Mediastinitis is an infection of the mediastinum that can result from either a damage to the structures within it or from a spread of the infection from the head and neck region. In the developing world, the most common cause is an uncontrolled infection, most frequently involving the teeth and oral cavity, and spreading in a downward fashion to the mediastinum . In contrast, most cases in the developed countries occur after an injury; for example, a surgery in the thorax or a motor vehicle accident. Patients develop symptoms gradually before presenting to the emergency department. History taking is the most critical step in establishing the diagnosis, in addition to the overall clinical picture. Nonetheless, magnetic resonance imaging (MRI) can be used to confirm the diagnosis. Mediastinitis requires urgent treatment with fluid resuscitation and antibiotic administration, after securing the airway. Patients are eventually referred for surgical management, which consists of debridement and exploration of the mediastinal area. Mediastinitis has a high mortality rate, especially when comorbidities are also present.

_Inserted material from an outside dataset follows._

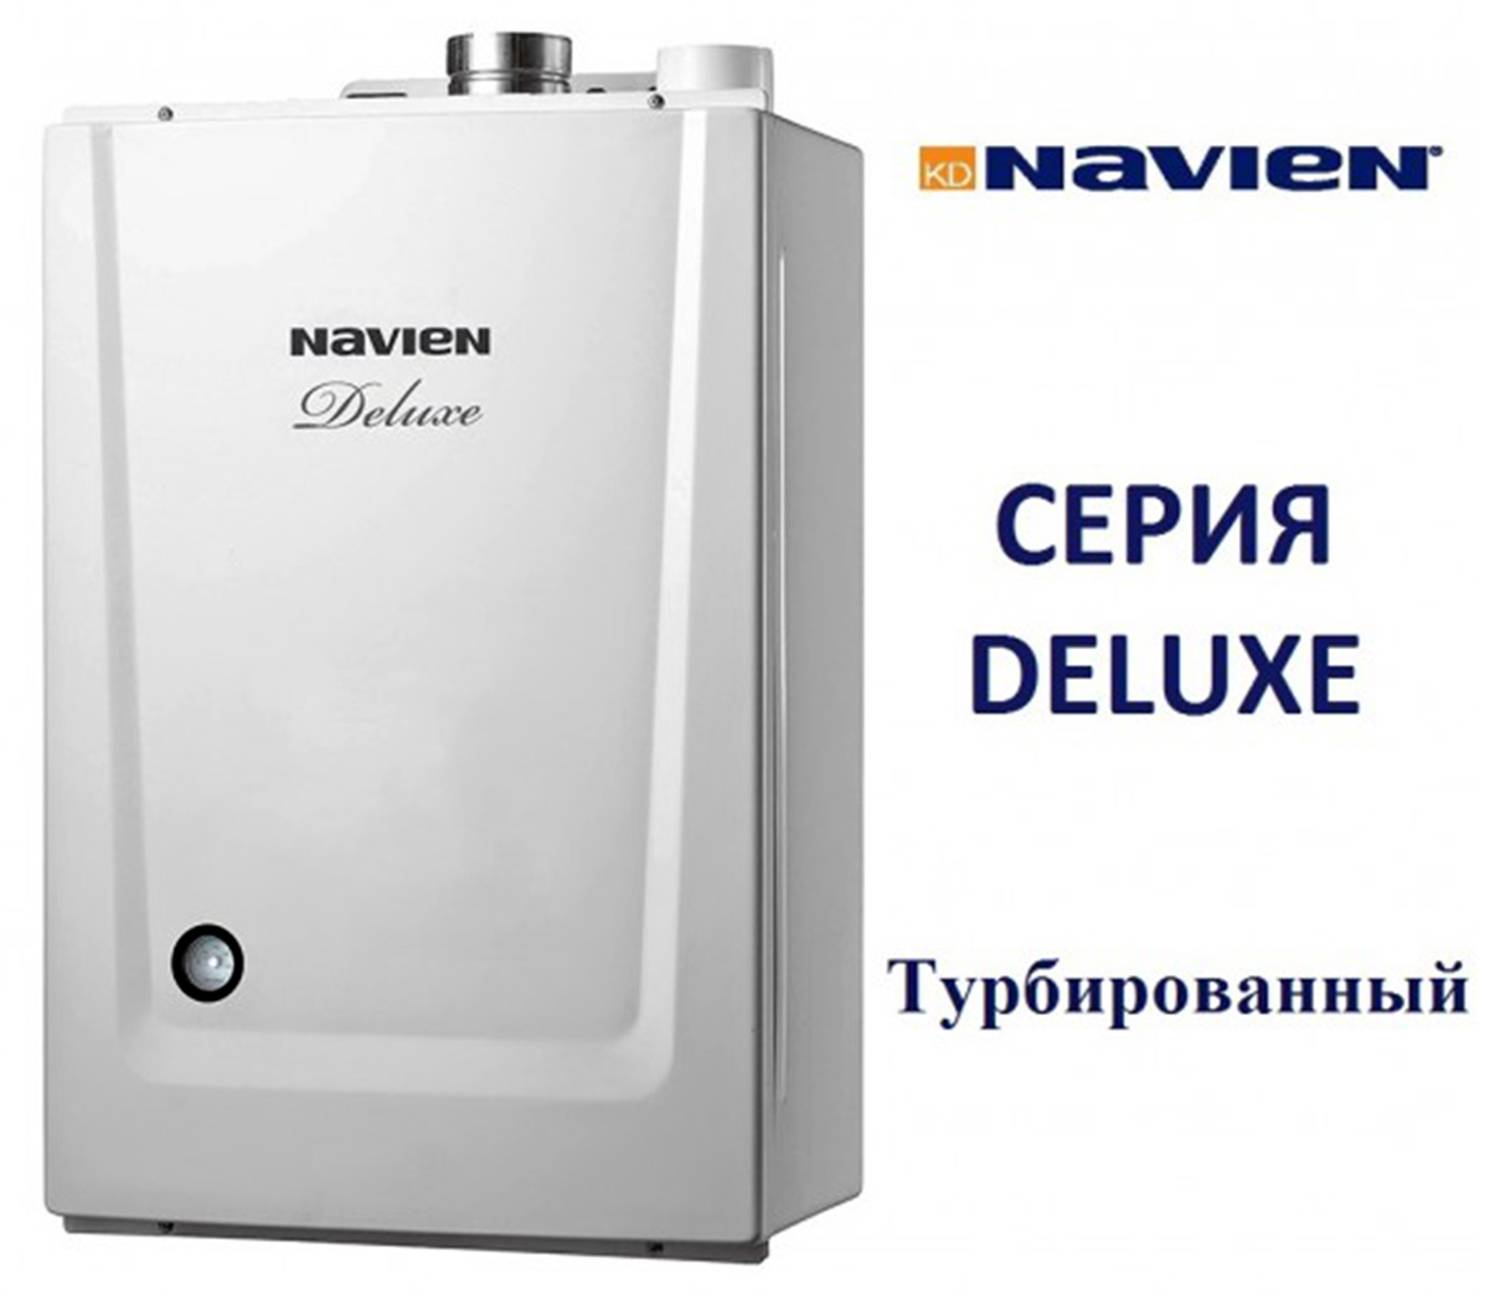 Отопительный газовый котел navien: устройство и технические характеристики настенного и напольного устройства + отзывы владельцев

Mediastinitis is a severe infection of the mediastinum that can occur after injury or after the spread of infection from the head and neck area into the mediastinum. In the developing world, the condition most commonly occurs in conjunction with an infection in the hand and neck, most frequently in the teeth and the oral cavity. In contrast, an injury is the most common cause of mediastinitis in the developed world especially following surgery in the thorax. Patients generally develop gradual symptoms such as shortness of breath, confusion, fever and chills, swelling in the neck, pain in the chest and upon swallowing. They frequently have a history of infection, surgery in the thorax, a motor vehicle accident or an interventional procedure such as an endoscopy (a procedure used to visualized the digestive tract), bronchoscopy (procedure employed to look into the respiratory airways) or malignancy. Treatment of the condition is emergent and the doctors pay particular attention to securing the respiratory airway, sometimes with intubation. Fluid resuscitation is also very important since many patients may show signs of collapse due to the severity of the infection (sepsis). Patients should also be referred for surgery, in which necrotic tissue is removed and the thorax is explored to ensure the status of critical organs and structures in the area. The development of mediastinitis can be prevented if patients follow medical advice and recommendation after surgery and if they closely monitor incision wounds. Prevention of risk factors of infections such as diabetes and cardiovascular disease can also greatly help. Mediastinitis has a poor prognosis, but can be treated if diagnosis and management are prompt and aggressive.